I once told my students that simply having an imagination isn’t enough to be a good mathematician— foremost, solid skills are needed. I wish I could take my words back. Even Einstein, who had a great mathematical skill, is noted as saying:

I am enough of the artist to draw freely upon my imagination. Imagination is more important than knowledge. Knowledge is limited. Imagination encircles the world.

What does imagination have to do with math? Well, Imagination is critical in aiding visualization of a problem, especially when there are multiple interrelated unknowns. Did you know that before Einstein mathematically developed his famous General Theory of Relativity, also popularly associated with the formula E = mc^2 , he first envisioned the problem as a mental experiment.

Einstein is definitely an exceptional human being; however, the power of visualization is not only limited to exceptional individuals. Research has shown that students who are able to employ visualization strategies are more successful in both math and science than their peers who do not. In the book, Mathematical Mindsets, Jo Boaler of Stanford University provides great examples and benefits of visual thinking along with many activities to help motivate visual thinking about math. You may also consider visiting her web initiative, youcubed, which is full of strategies for teachers, parents, and students.  In a nutshell:

The good news is that visualizing

complex problems can be learned.

But… only if visualizing could be done by talking about it. Let’s consider the following problem:

Kevin, Jill, and Elise are three cousins. Together they are 12 feet tall. Jill is one-half as tall as Kevin, and Elise and Jill together are five-sixths as tall as Kevin. Then, how tall is Elise?

If you feel comfortable with elementary Algebra, your instinct might be to set up this problem as a system of equations. Instead, entertain this problem using your basic number sense and visual representations. How would you solve it without algebraic procedures?

The key challenge in solving any problem

is first understanding the question.

The problem is asking to find out Elise’s height. The challenge is that the problem doesn’t specifically say anything about Elise’s height. In fact, upon closer inspection, you may realize that to decipher Elise’s height you would have to also find out Jill’s height, whose height is then only solvable with reference to Kevin’s height.  Essentially, this problem has three parts: finding out Kevin, Jill, and Elise’s heights.

To visualize this problem, you may use a tape-diagram. This is often a great tool for solving problems involving interrelated parts. To start, draw a simple tape for Kevin. Start with his height because his cousins' height is based on his height.  He is your 'target.'

Now that you have created a tape for Kevin, you need a method to compare Kevin, Jill and Elise. You know that:

Jill is one-half as tall as Kevin.

Elise and Jill together as five-sixths of Kevin.
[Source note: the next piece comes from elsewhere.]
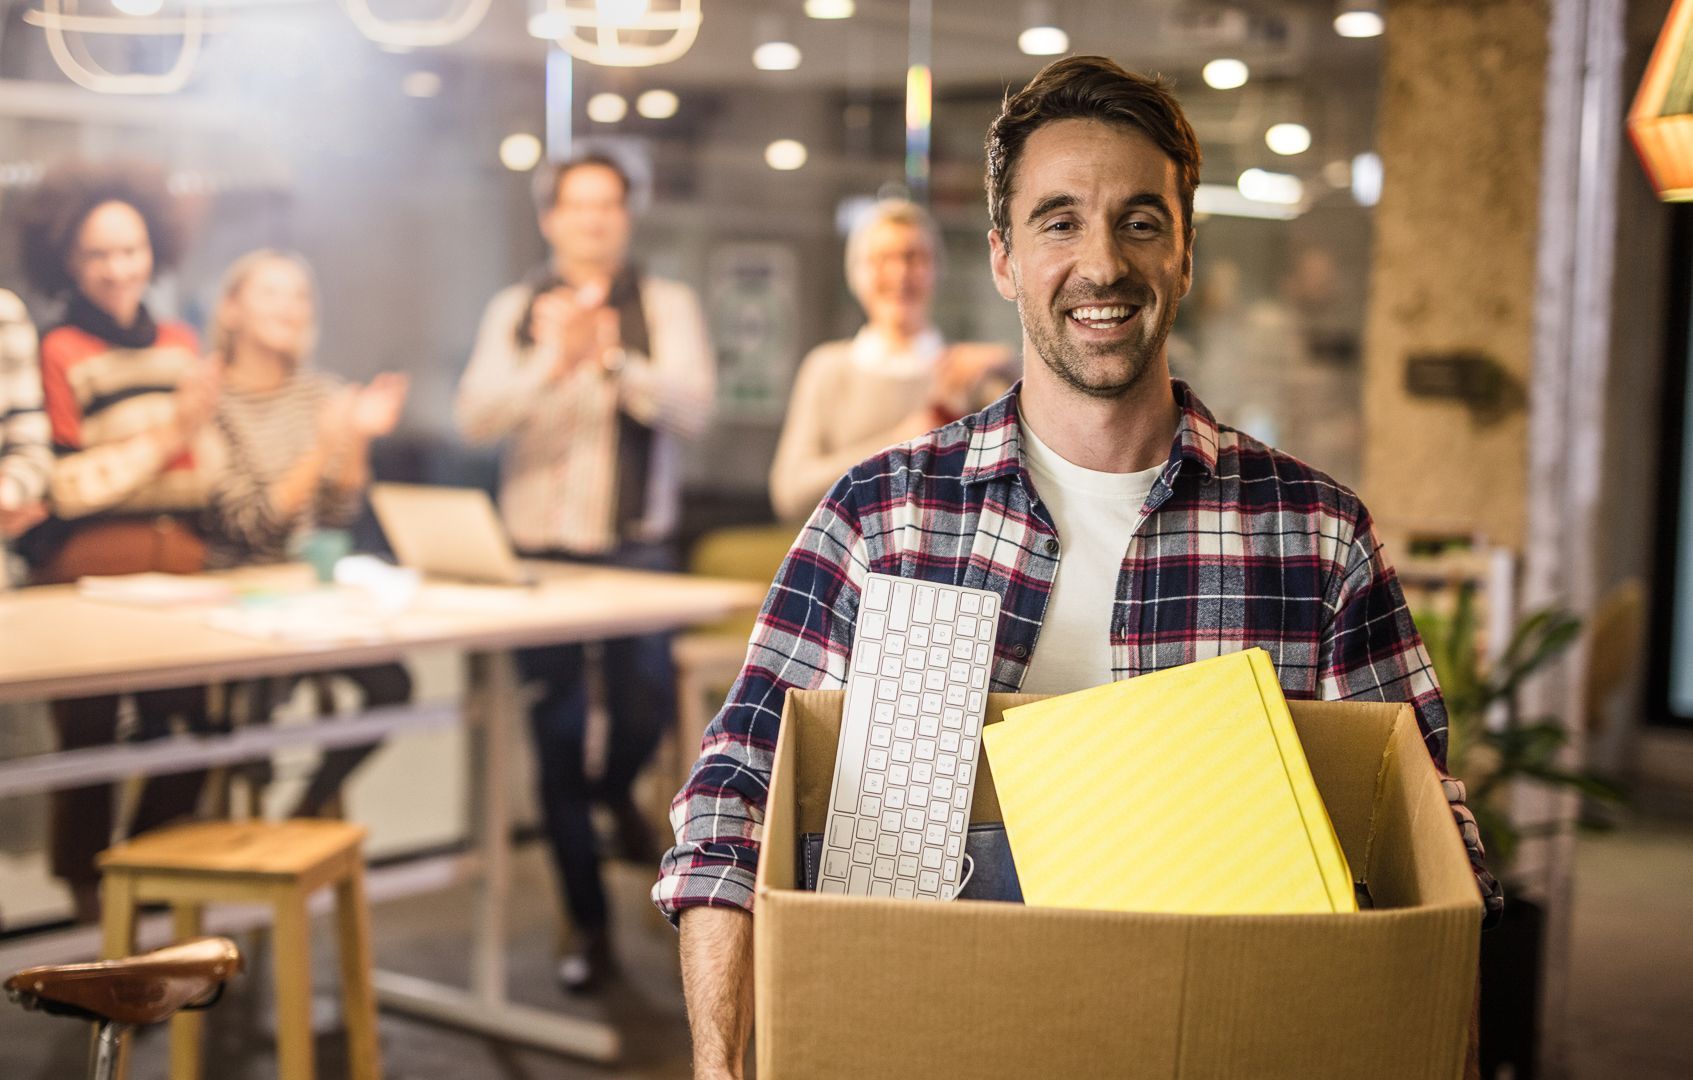 Man carrying a box of personal effects after leaving a job. He is smiling and surrounded by smiling

You can compare all three by converting their ratios into a common denominator, which in this case would be 6. Since Kevin's tape is the original whole, you may split his tape into six-sixths or one whole.
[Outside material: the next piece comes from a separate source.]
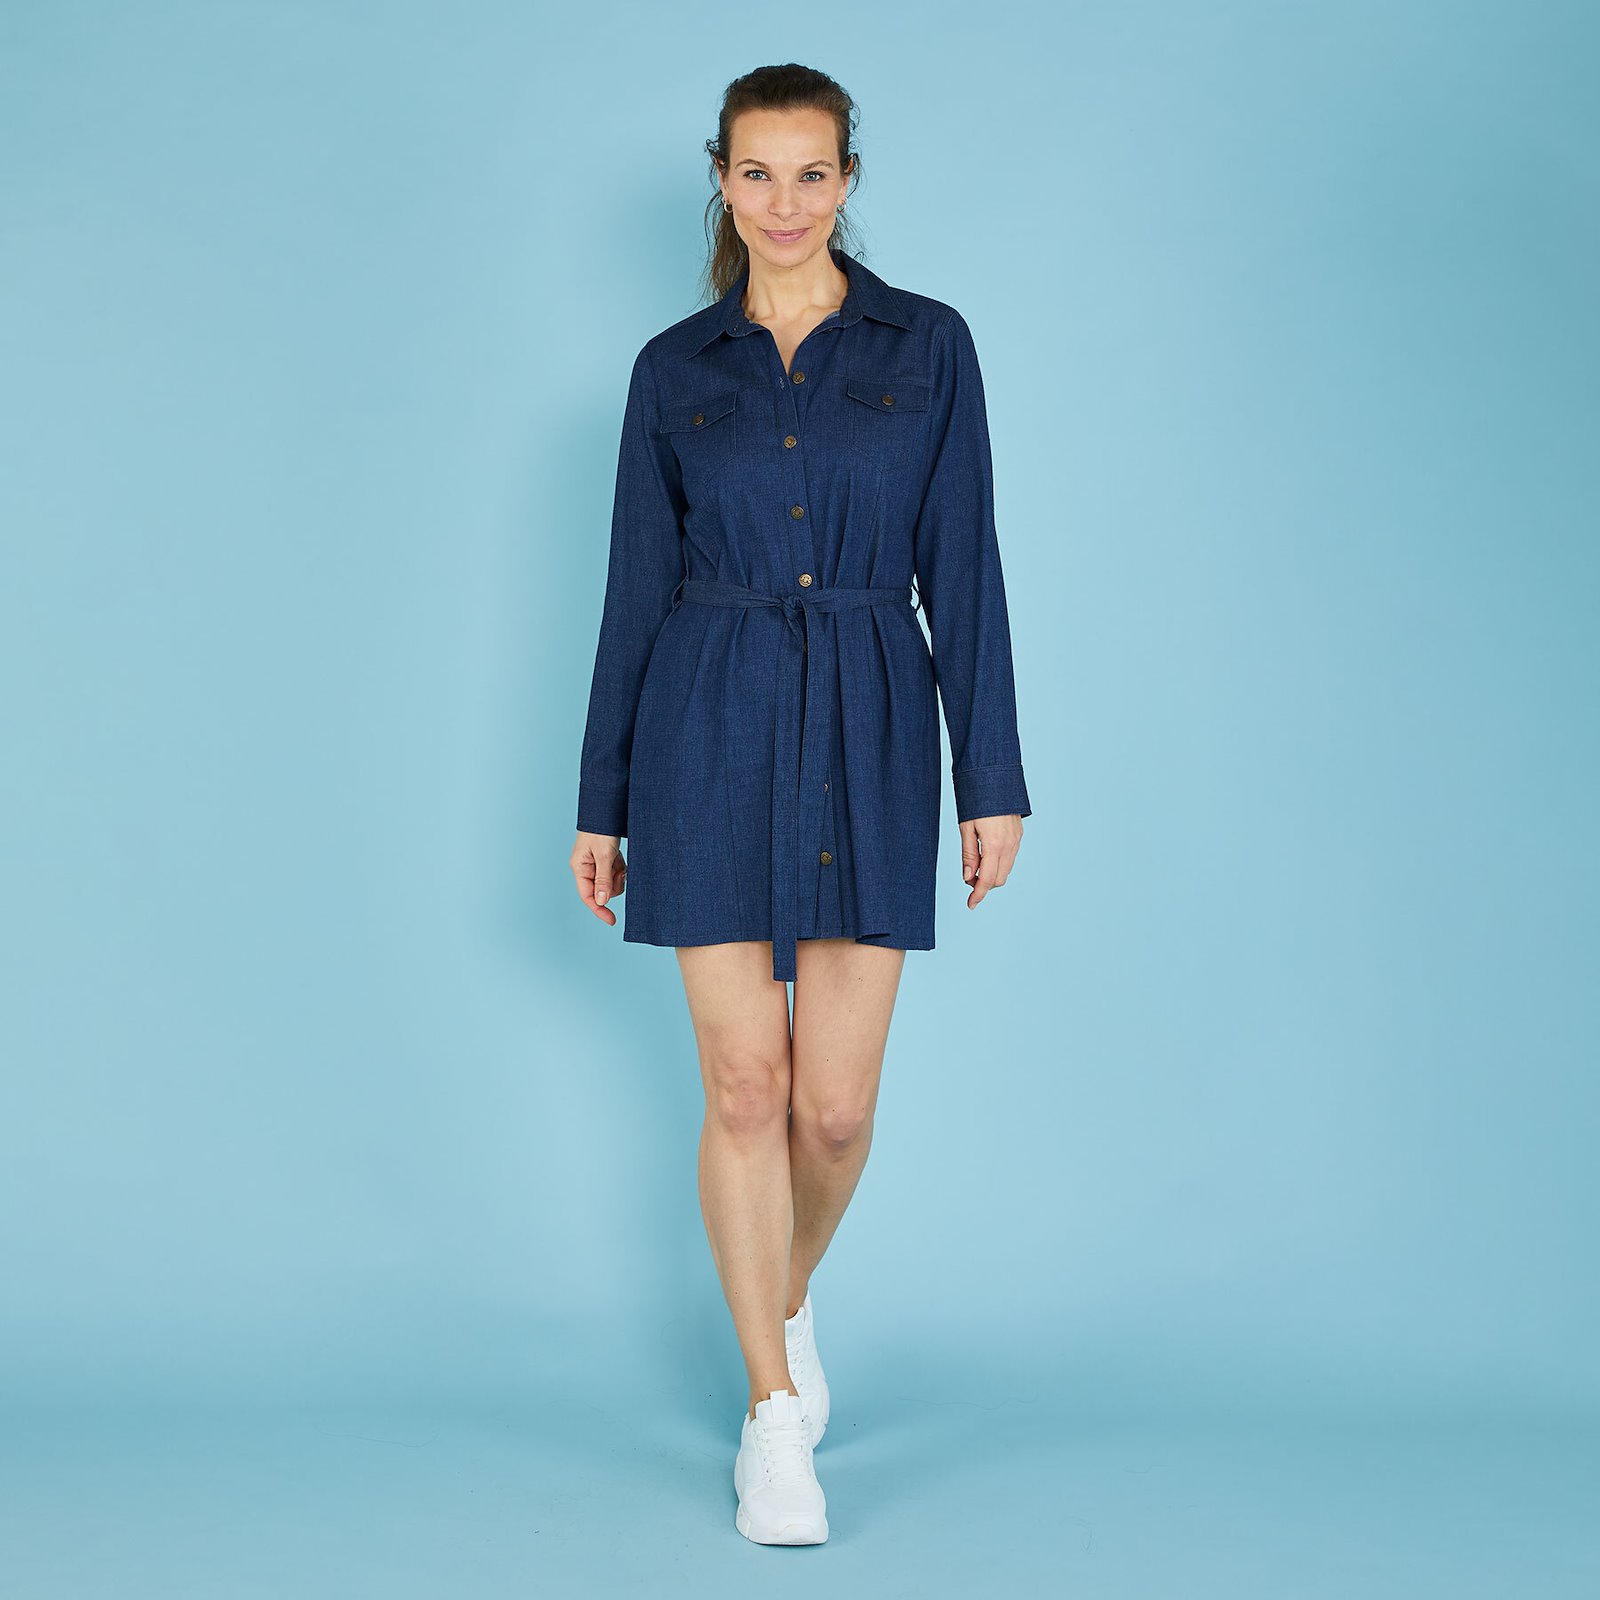 Fitted shirt dress with tie belt, 42/14 p23176000_p23176001_p23176002_p23176003_p23176004_pack_d

But if Kevin is six-sixths, how would you draw the tapes for 'Jill,' and 'Elise and Jill?'

Before you read on any further, attempt to complete the diagram on your own.

Compare your diagram with the one below. Does your diagram look similar to this?

By converting all three cousins’ heights into sixths and representing them visually, you can now see that if Kevin represented six-sixths and Jill represented three-sixths of Kevin, then Elise must be two-sixths of Kevin. Together, they would represent eleven-sixths of Kevin's height. You can also check this by adding the first line (Kevin's) and the third line (Elise and Jill's) of the tape diagram together. You should get eleven-sixths.

To find out Elise's height, you would have to first divide 12 feet into 11 equal parts, which would gives approximately 1.09 feet for each one-sixth part of Kevin's height. Visually, this can be represented as:

Now, all you have to do is add up the respective parts for each cousin to find their total height?  What do you get?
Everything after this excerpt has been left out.